Enabling Tools Extend the Range of HCA

Greater Heights Are Being Reached in Cell-Based Screening and Preclinical Analysis

  • Modeling Biological Systems

    Click Image To Enlarge +
    Tubule formation in a human primary co-culture model of angiogenesis [AstraZeneca]

    “Advances in high-content imaging technology, multiparametric image analysis, and automation of screening in cell-based models have enhanced our ability to model and understand disease biology at increasingly earlier stages in drug discovery,” says Beverley Isherwood, Ph.D., team leader in the advanced science and technology laboratory at AstraZeneca. The group is applying high-content analysis in complex cell models to assess drug efficacy in single agent and combination drug screens. They are developing co-culture, 3-D, and kinetic models of biological processes to simulate complex biological systems for profiling the mechanism of action (MoA) of experimental compounds.

    One example is a human primary co-culture model of angiogenesis that is useful for performing multiplexed assays capable of identifying vascular modulating agents, obtaining MoA information, and predicting cytotoxicity in a high-throughput screen upstream of preclinical testing.

    “This model allows us to evaluate not only direct effects on human endothelial and stromal cells, but also effects on autocrine and paracrine signaling between cells,” Dr. Isherwood explains. The company has put in place end-to-end automation of long-term co-culture screens, from cell plating through to data processing.

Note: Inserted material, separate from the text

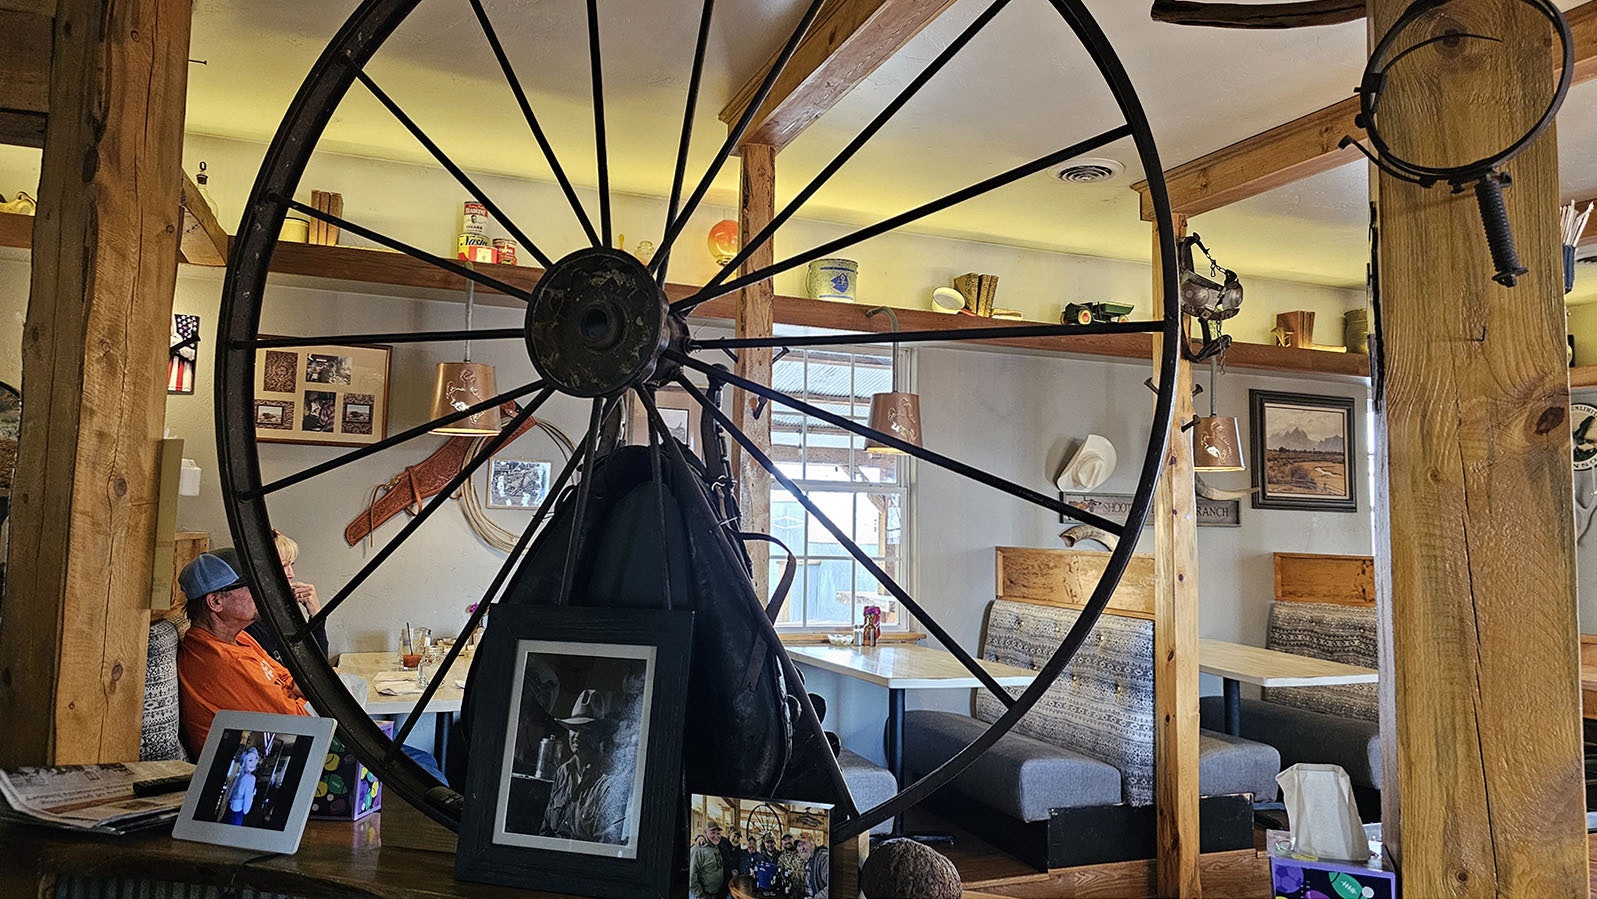 A wagon wheel helps bring definition to the space farming the bar and the dining area.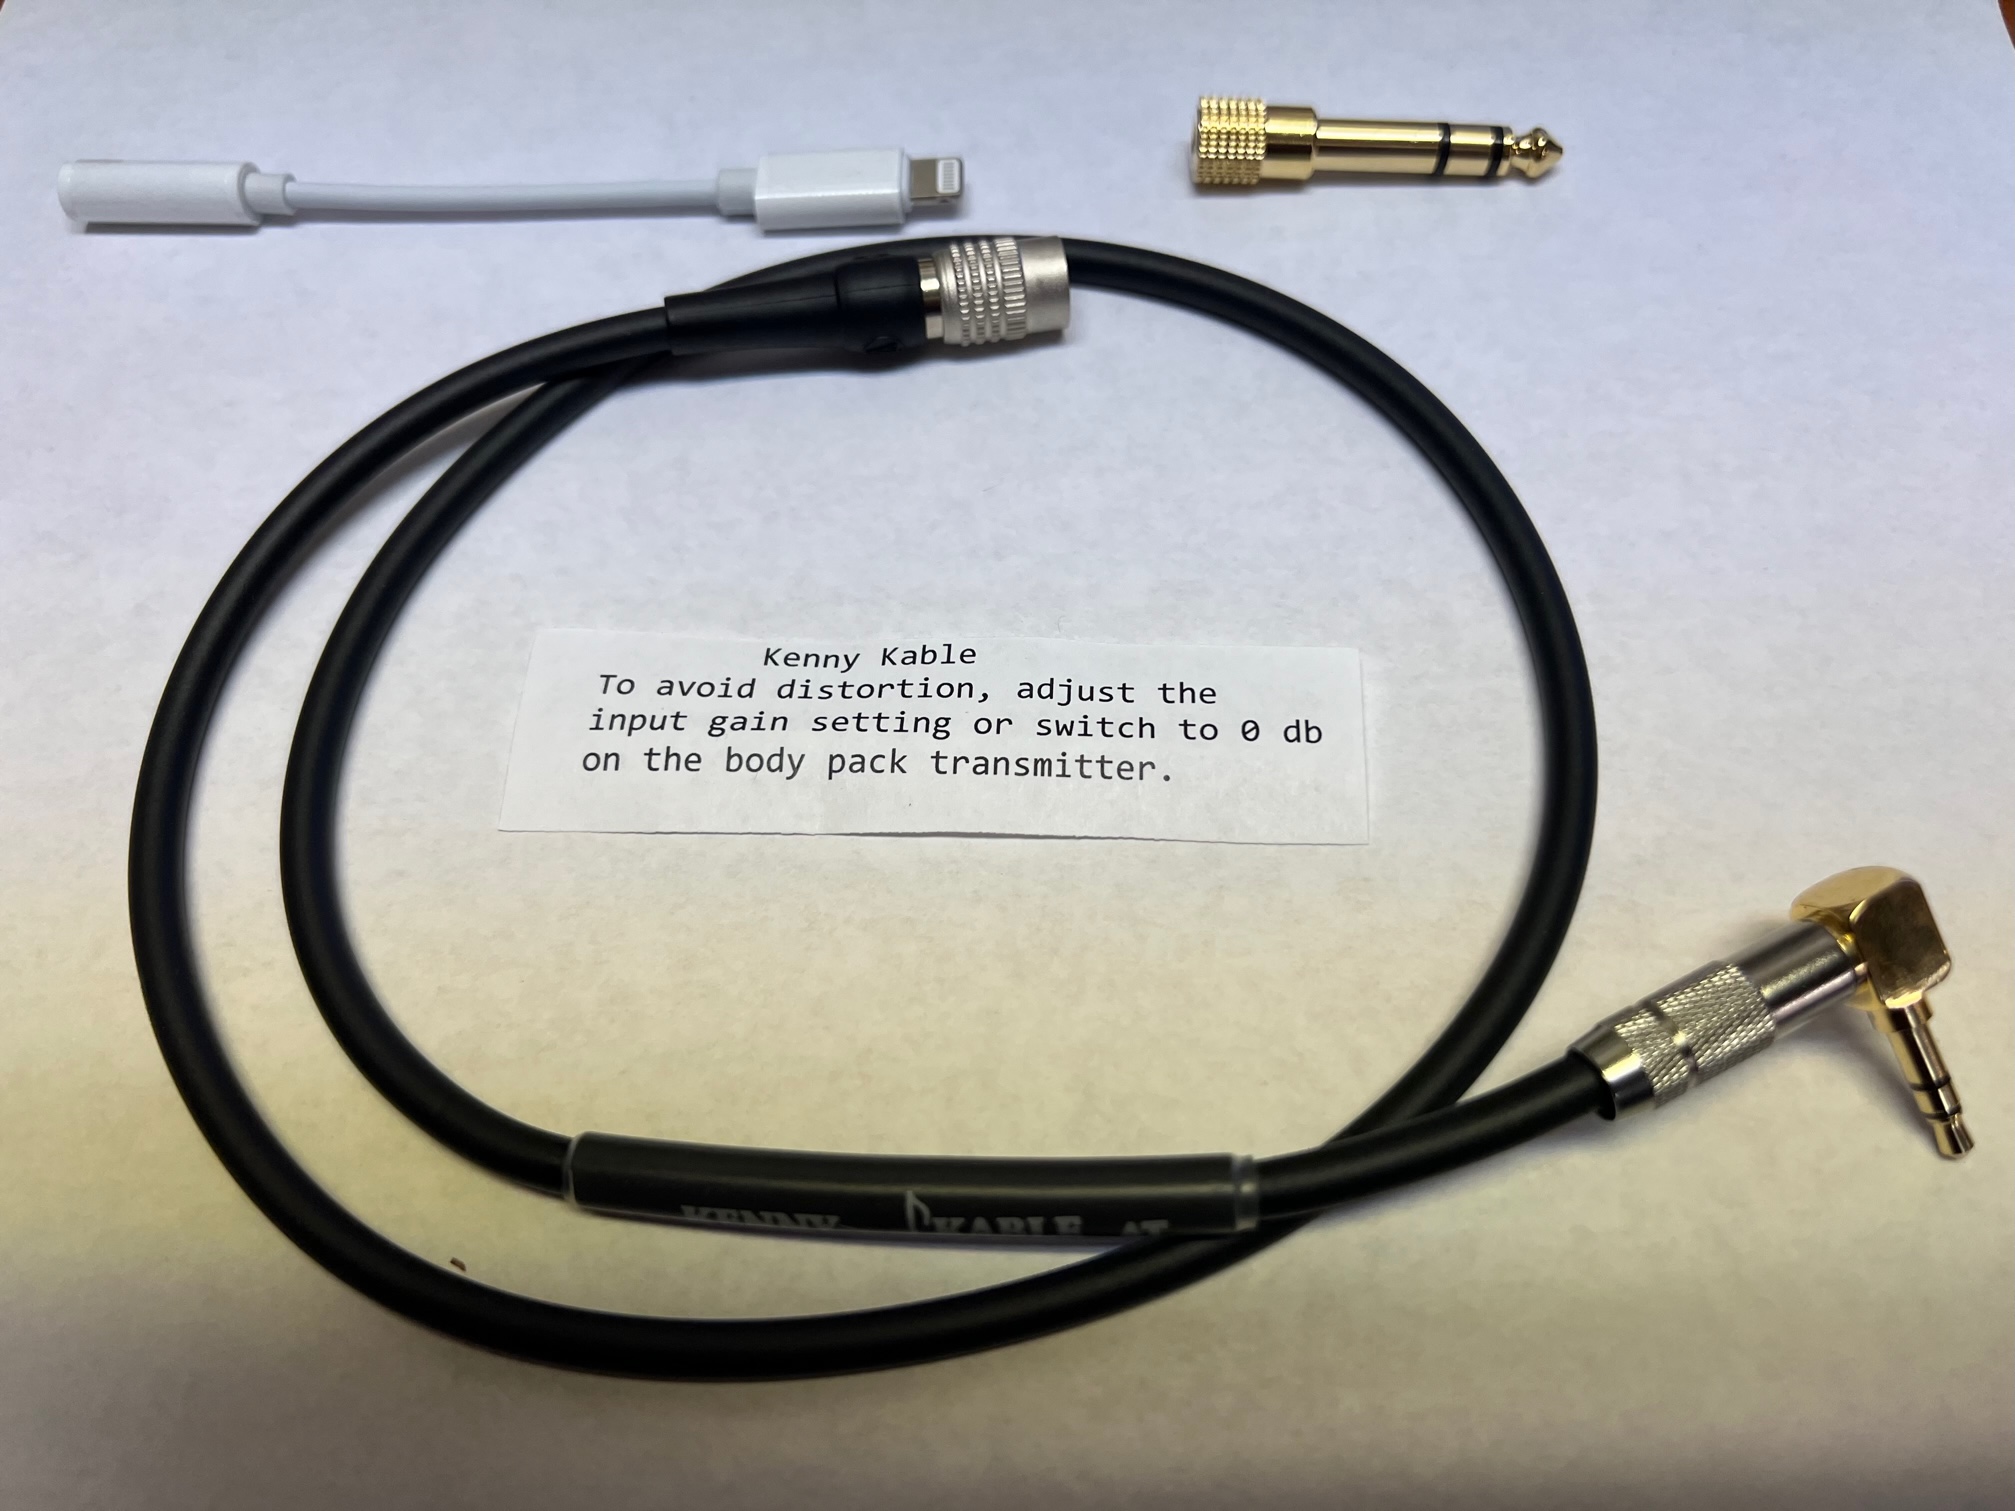 Kenny Kable AT (Audio-Technica) beltpack adapter cable

    The researchers are extending these approaches to ex vivo tissue analysis, enabling the incorporation of kinetic information and the study of cells and tissue in co-culture and 3-D environments, “which is allowing us to apply high-content approaches to more complex models of disease biology” for rapid repositioning of drugs and early-stage predictions of the safety and efficacy of a drug or drug combinations, adds Dr. Isherwood.

    In the area of oncology, the group is applying high-content screens to generate compound phenotypic fingerprints by assessing compound activity in cells derived from different patient backgrounds to understand how genetics affects response to treatment. They are exploring the ability to apply phenotypic high-content analytical approaches that integrate both kinetic and endpoint measures of phenotype across in vitro and ex vivo clinical samples.

    Evidence of a phenotypic effect in vitro that correlates with a similar finding in clinical samples strengthens the predictive potential of the assays and leads to the identification of biomarkers of efficacy.

    Dr. Isherwood believes that, in the future, the application of molecular pathway profiling techniques and emerging imaging modalities such as fluorescence lifetime will make it possible to gather even more information from a screen and to identify endpoints that facilitate the translation of phenotypes to in vivo and clinical outcomes.